Thingyan is the Burmese New Year celebration, and it's always a wet one. With the firing of a cannon Burmese folk scramble to pour water onto the ground and murmur prayers, thereby washing away last year’s sins. This is a mere taste of what's to come. On the second day festivities are well and truly underway. Water is thrown by any means possible; water pistols, balloons and hoses are all fair game.
Garrisons of teenagers set up base camp by water stations (pandals), patrol trucks blasting pop music tow families in sunglasses that open fire on pedestrians and grinning men dump huge blocks of ice into brimming ammunition bins. Kids are in their element at this time of year having broken up from school to be unleashed on pedestrians with water pistols and tin cans. Get your electronics into sealed plastic bags, nice job if you have a dry bag.

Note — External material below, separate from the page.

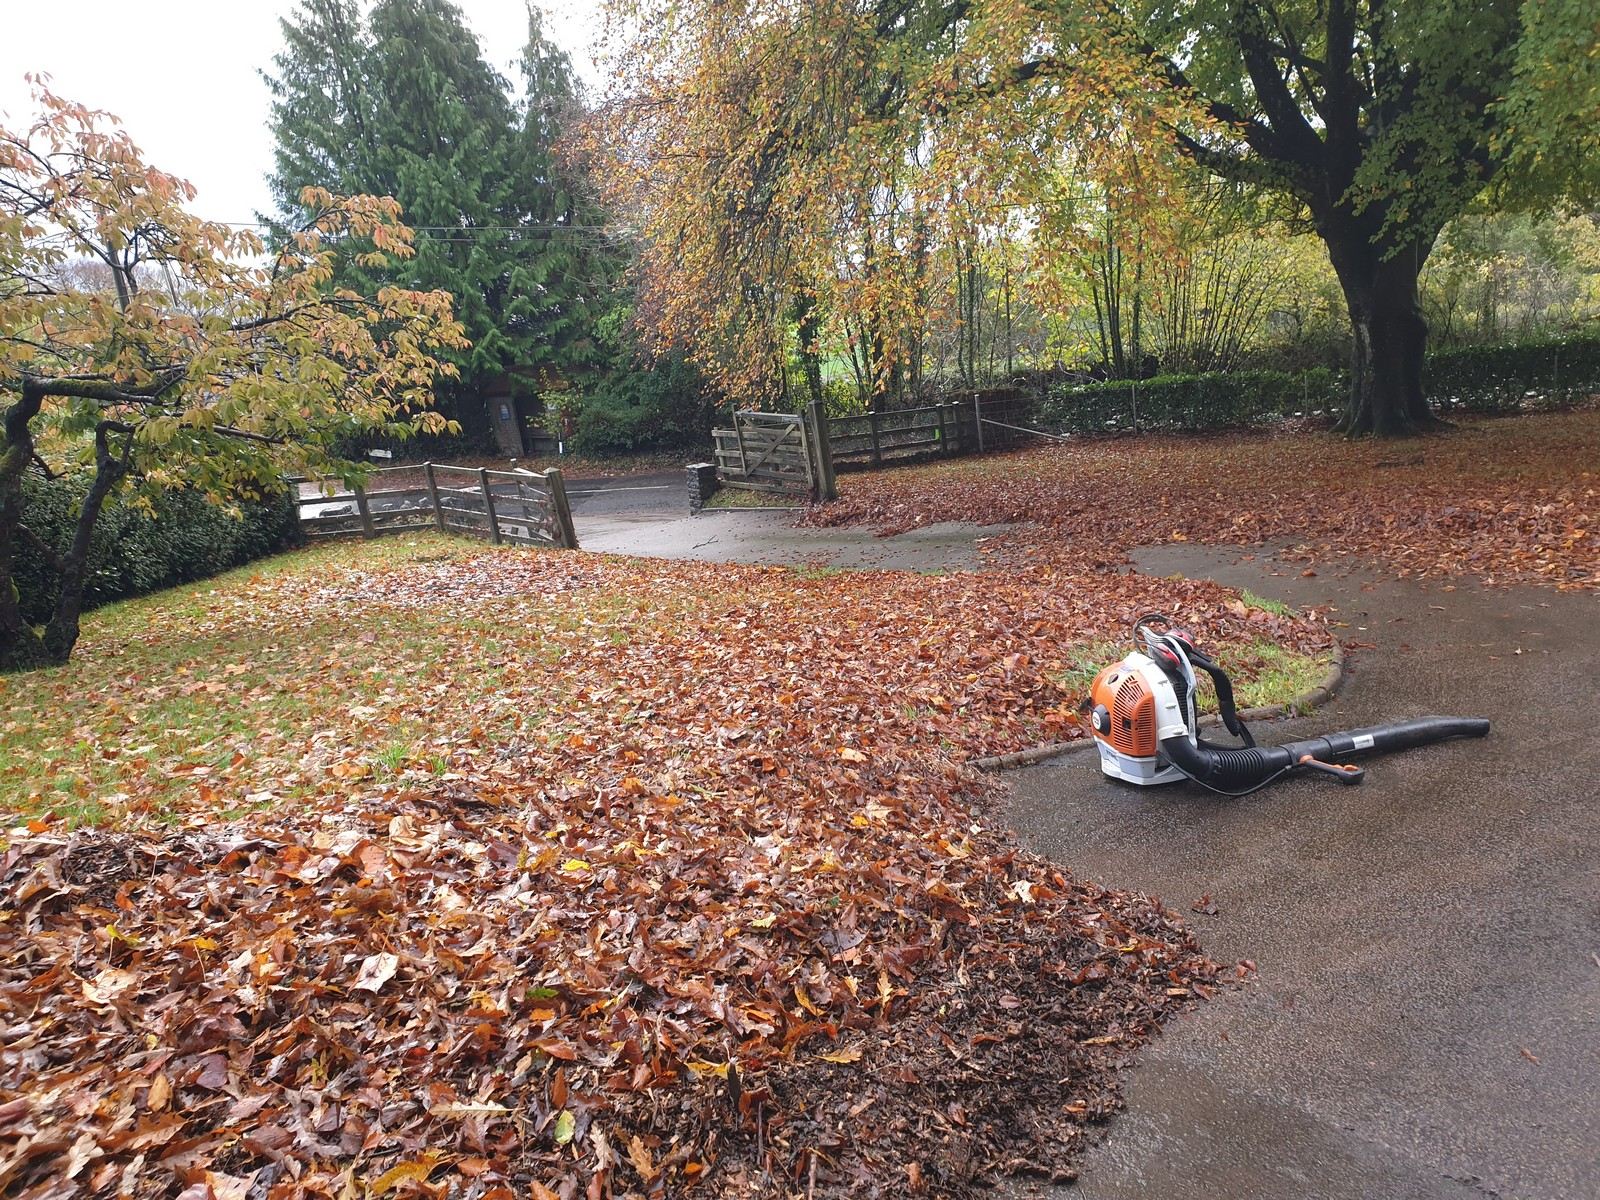 Clearing Autumn leaves in a woodland garden

The three to five day long Thingyan celebration concludes by welcoming in the new year and letting go of the old. Also celebrated is the descent of Thagyamin (a spiritual Buddhist figure) to earth whose backstory symbolises the origins of the Burmese calendar.
Religion is definitely at the heart of this festival and Thingyan eve sees Buddhists throughout Myanmar fasting, visiting temples to leave offerings and washing Buddha statues with sacred water. In many regards it’s similar to Thailand's now tourist ridden Songkran, minus the foreigners.
The best way to celebrate Thingyan is to jump right in. Only the elderly and monks are exempt from being doused with water, so get ready to soak up some culture and get absolutely drenched if you're planning to (water) drop by.